51 Ala. 564 | Ala. | 1874

B. F. SAFFOLD, J.

Error is shown in the decree pro confesso against the non-resident, Curry. The proper execution of an order of publication is specifically sét out in the 22d rule of chancery practice. R. C. p. 826. One of the essential requisites is, that a copy of the order shall be sent by mail to the defendant, where his residence is shown by the bill or affidavit, within twenty days from the making of said order. The authority to make the order is dependent upon the affidavit of the complainant, or his agent, which must state, not alone the affiant’s belief of the non-residence of the defendant, but of his age, whether over or under twenty-one years, and his residence, or that they are unknown. The affidavit in this case recites, that the affiant “ knows from reputation, and believes, that he (Curry) settled in the State of Texas, and has ever since remained there,” &c.; but says nothing more definite as to his place of residence, or whether it is known to him or not. Neither the order of publication, nor the decree pro confesso, presents any evidence that notice was attempted to be given to Curry by mail, or that his place of residence was unknown. The defendant, Curry, was entitled to notice by mail, if the complainant knew his place of residence. If it was not known, it ought to have been so stated in the affidavit. The 22d rule requires it.

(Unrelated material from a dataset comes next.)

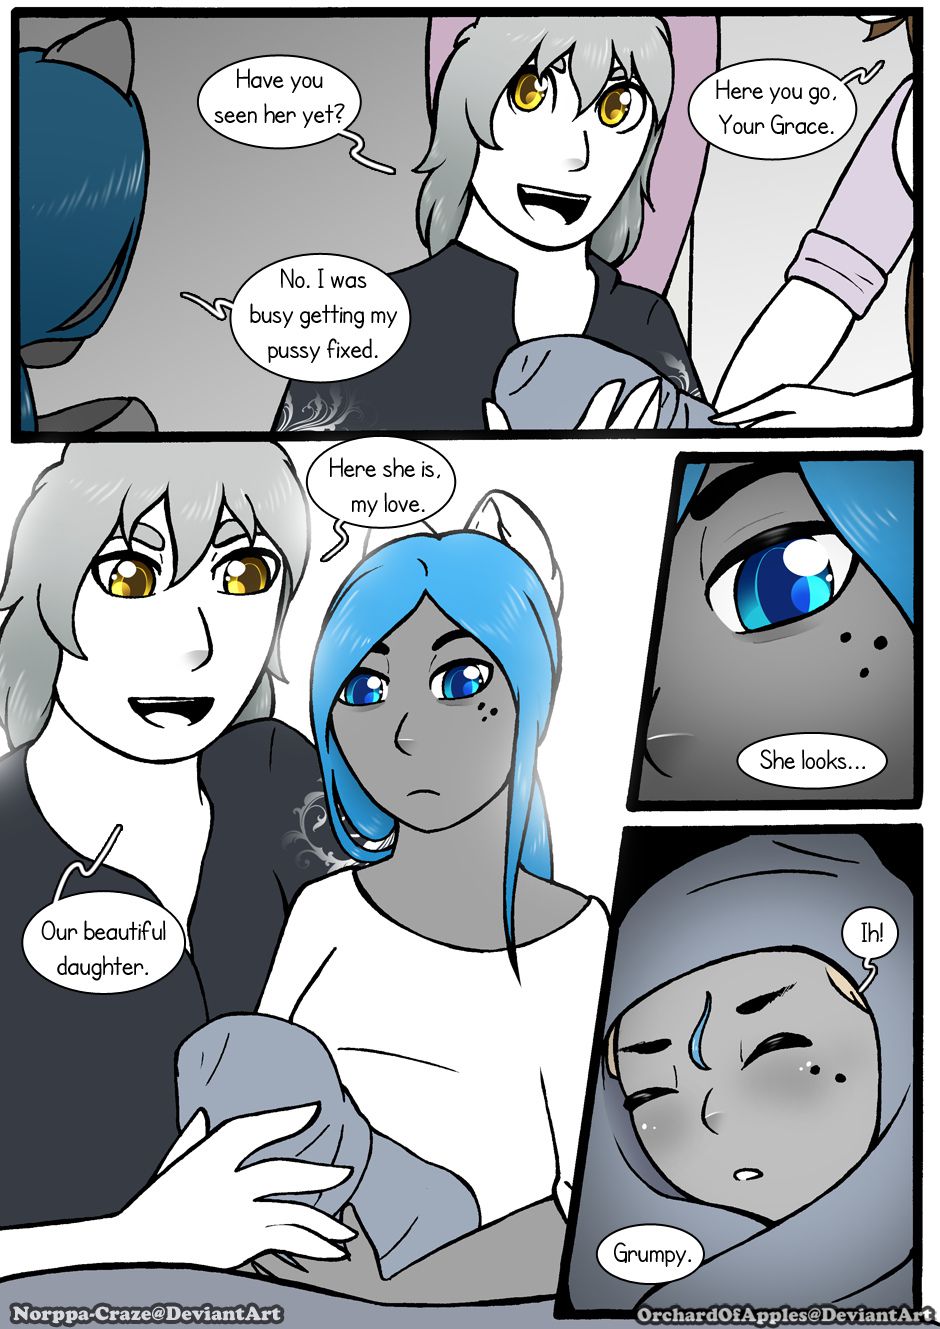 [Jeny-jen94] Between Kings and Queens [Ongoing] 333

Whether Curry was an indispensable party or not, he was a proper party; and the complainant having elected to join him, he cannot now avoid the consequences of a defective service. Batre v. Auze, 5 Ala. 173.

The testimony is indefinite, and contradictory. It is not shown whether Kent made a deed to Curry or not. But perhaps the presumption would be, that he did. Wise says, he *566was surety on both of the notes given by Curry to Kent for the purchase-money, and that each was for $1,200, one of which Curry exhibited, and surrendered to him as paid, when he purchased from him; and the other he subsequently paid by agreement with Curry. If this be so, his claim to be considered a purchaser without notice is made out, as there is no evidence to the contrary. But Kent, agreeing with him in respect to the second note, says, that the first mentioned was for $1,000, which he gave up to Curry in lieu of two others each for $500 executed under an agreement between them. The inference from his testimony is, that this first note of $1,000 was without surety, though he does not expressly say so. What has become of the other $500 note? What did Wise do with the $1,200 note turned over to him by Curry, in proof of its payment? As the decree must be reversed for want of proper notice to the defendant, Curry, perhaps, on another hearing, the testimony may be made more satisfactory.

The decree is reversed, and the cause remanded.